Please output the entries below exactly as they are.

··· RECORDS SUPPLIED

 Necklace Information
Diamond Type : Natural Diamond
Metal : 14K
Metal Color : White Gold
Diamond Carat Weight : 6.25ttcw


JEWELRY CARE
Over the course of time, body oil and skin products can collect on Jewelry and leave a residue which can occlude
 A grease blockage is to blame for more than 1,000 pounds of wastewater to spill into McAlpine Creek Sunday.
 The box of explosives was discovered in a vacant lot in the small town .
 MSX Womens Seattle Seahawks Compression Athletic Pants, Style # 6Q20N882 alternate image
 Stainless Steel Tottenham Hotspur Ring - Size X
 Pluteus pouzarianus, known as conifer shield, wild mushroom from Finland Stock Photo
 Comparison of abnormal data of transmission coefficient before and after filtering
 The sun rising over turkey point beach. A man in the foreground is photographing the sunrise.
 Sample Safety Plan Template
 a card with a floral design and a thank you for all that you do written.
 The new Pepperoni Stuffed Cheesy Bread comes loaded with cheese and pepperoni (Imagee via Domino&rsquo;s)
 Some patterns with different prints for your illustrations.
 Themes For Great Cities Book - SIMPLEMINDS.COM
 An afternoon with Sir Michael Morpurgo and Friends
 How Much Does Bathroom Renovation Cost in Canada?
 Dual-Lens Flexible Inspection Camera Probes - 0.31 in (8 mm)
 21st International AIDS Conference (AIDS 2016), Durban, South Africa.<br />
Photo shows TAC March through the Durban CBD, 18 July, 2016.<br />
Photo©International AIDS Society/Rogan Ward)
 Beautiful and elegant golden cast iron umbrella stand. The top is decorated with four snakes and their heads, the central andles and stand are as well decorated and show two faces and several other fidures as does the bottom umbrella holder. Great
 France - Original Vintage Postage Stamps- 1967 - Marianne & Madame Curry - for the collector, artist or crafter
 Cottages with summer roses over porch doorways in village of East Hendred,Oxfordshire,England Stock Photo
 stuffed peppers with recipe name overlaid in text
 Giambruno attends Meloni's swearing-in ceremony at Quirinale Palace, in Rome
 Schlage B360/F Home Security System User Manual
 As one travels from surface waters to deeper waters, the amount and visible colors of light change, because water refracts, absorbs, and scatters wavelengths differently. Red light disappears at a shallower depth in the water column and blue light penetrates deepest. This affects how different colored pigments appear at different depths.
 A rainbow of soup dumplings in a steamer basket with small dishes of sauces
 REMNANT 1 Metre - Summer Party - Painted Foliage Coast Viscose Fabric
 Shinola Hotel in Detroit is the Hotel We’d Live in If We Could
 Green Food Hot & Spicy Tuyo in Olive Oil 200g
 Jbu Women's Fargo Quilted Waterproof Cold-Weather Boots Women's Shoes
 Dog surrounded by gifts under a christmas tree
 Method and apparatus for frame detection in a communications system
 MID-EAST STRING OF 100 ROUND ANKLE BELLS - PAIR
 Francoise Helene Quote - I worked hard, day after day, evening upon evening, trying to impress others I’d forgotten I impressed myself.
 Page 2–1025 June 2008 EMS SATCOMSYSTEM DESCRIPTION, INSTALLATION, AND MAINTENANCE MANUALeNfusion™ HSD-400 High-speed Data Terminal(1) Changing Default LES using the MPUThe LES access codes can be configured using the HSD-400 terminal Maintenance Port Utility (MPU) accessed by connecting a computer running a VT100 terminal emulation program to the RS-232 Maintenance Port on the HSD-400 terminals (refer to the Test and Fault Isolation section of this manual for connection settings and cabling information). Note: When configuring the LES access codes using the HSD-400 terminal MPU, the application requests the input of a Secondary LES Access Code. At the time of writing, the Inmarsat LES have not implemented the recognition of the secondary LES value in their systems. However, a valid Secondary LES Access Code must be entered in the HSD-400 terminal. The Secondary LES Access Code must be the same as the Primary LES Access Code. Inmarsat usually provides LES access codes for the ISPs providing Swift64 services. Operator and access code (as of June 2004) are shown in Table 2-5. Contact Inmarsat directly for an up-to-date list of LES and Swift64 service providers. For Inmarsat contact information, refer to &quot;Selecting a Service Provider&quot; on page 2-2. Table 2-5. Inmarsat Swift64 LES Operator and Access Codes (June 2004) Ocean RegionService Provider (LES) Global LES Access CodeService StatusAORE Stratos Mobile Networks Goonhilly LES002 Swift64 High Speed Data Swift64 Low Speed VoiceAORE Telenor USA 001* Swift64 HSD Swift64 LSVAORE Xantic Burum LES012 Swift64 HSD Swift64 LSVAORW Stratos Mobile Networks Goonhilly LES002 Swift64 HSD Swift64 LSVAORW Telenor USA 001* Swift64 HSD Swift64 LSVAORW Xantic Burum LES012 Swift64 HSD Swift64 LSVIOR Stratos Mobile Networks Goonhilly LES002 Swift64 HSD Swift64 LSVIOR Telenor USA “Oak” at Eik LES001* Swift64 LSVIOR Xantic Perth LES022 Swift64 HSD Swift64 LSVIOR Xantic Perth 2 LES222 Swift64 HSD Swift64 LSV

······

WRITTEN REPLY:
 Necklace Information
Diamond Type : Natural Diamond
Metal : 14K
Metal Color : White Gold
Diamond Carat Weight : 6.25ttcw


JEWELRY CARE
Over the course of time, body oil and skin products can collect on Jewelry and leave a residue which can occlude
 A grease blockage is to blame for more than 1,000 pounds of wastewater to spill into McAlpine Creek Sunday.
 The box of explosives was discovered in a vacant lot in the small town .
 MSX Womens Seattle Seahawks Compression Athletic Pants, Style # 6Q20N882 alternate image
 Stainless Steel Tottenham Hotspur Ring - Size X
 Pluteus pouzarianus, known as conifer shield, wild mushroom from Finland Stock Photo
 Comparison of abnormal data of transmission coefficient before and after filtering
 The sun rising over turkey point beach. A man in the foreground is photographing the sunrise.
 Sample Safety Plan Template
 a card with a floral design and a thank you for all that you do written.
 The new Pepperoni Stuffed Cheesy Bread comes loaded with cheese and pepperoni (Imagee via Domino&rsquo;s)
 Some patterns with different prints for your illustrations.
 Themes For Great Cities Book - SIMPLEMINDS.COM
 An afternoon with Sir Michael Morpurgo and Friends
 How Much Does Bathroom Renovation Cost in Canada?
 Dual-Lens Flexible Inspection Camera Probes - 0.31 in (8 mm)
 21st International AIDS Conference (AIDS 2016), Durban, South Africa.<br />
Photo shows TAC March through the Durban CBD, 18 July, 2016.<br />
Photo©International AIDS Society/Rogan Ward)
 Beautiful and elegant golden cast iron umbrella stand. The top is decorated with four snakes and their heads, the central andles and stand are as well decorated and show two faces and several other fidures as does the bottom umbrella holder. Great
 France - Original Vintage Postage Stamps- 1967 - Marianne & Madame Curry - for the collector, artist or crafter
 Cottages with summer roses over porch doorways in village of East Hendred,Oxfordshire,England Stock Photo
 stuffed peppers with recipe name overlaid in text
 Giambruno attends Meloni's swearing-in ceremony at Quirinale Palace, in Rome
 Schlage B360/F Home Security System User Manual
 As one travels from surface waters to deeper waters, the amount and visible colors of light change, because water refracts, absorbs, and scatters wavelengths differently. Red light disappears at a shallower depth in the water column and blue light penetrates deepest. This affects how different colored pigments appear at different depths.
 A rainbow of soup dumplings in a steamer basket with small dishes of sauces
 REMNANT 1 Metre - Summer Party - Painted Foliage Coast Viscose Fabric
 Shinola Hotel in Detroit is the Hotel We’d Live in If We Could
 Green Food Hot & Spicy Tuyo in Olive Oil 200g
 Jbu Women's Fargo Quilted Waterproof Cold-Weather Boots Women's Shoes
 Dog surrounded by gifts under a christmas tree
 Method and apparatus for frame detection in a communications system
 MID-EAST STRING OF 100 ROUND ANKLE BELLS - PAIR
 Francoise Helene Quote - I worked hard, day after day, evening upon evening, trying to impress others I’d forgotten I impressed myself.
 Page 2–1025 June 2008 EMS SATCOMSYSTEM DESCRIPTION, INSTALLATION, AND MAINTENANCE MANUALeNfusion™ HSD-400 High-speed Data Terminal(1) Changing Default LES using the MPUThe LES access codes can be configured using the HSD-400 terminal Maintenance Port Utility (MPU) accessed by connecting a computer running a VT100 terminal emulation program to the RS-232 Maintenance Port on the HSD-400 terminals (refer to the Test and Fault Isolation section of this manual for connection settings and cabling information). Note: When configuring the LES access codes using the HSD-400 terminal MPU, the application requests the input of a Secondary LES Access Code. At the time of writing, the Inmarsat LES have not implemented the recognition of the secondary LES value in their systems. However, a valid Secondary LES Access Code must be entered in the HSD-400 terminal. The Secondary LES Access Code must be the same as the Primary LES Access Code. Inmarsat usually provides LES access codes for the ISPs providing Swift64 services. Operator and access code (as of June 2004) are shown in Table 2-5. Contact Inmarsat directly for an up-to-date list of LES and Swift64 service providers. For Inmarsat contact information, refer to &quot;Selecting a Service Provider&quot; on page 2-2. Table 2-5. Inmarsat Swift64 LES Operator and Access Codes (June 2004) Ocean RegionService Provider (LES) Global LES Access CodeService StatusAORE Stratos Mobile Networks Goonhilly LES002 Swift64 High Speed Data Swift64 Low Speed VoiceAORE Telenor USA 001* Swift64 HSD Swift64 LSVAORE Xantic Burum LES012 Swift64 HSD Swift64 LSVAORW Stratos Mobile Networks Goonhilly LES002 Swift64 HSD Swift64 LSVAORW Telenor USA 001* Swift64 HSD Swift64 LSVAORW Xantic Burum LES012 Swift64 HSD Swift64 LSVIOR Stratos Mobile Networks Goonhilly LES002 Swift64 HSD Swift64 LSVIOR Telenor USA “Oak” at Eik LES001* Swift64 LSVIOR Xantic Perth LES022 Swift64 HSD Swift64 LSVIOR Xantic Perth 2 LES222 Swift64 HSD Swift64 LSV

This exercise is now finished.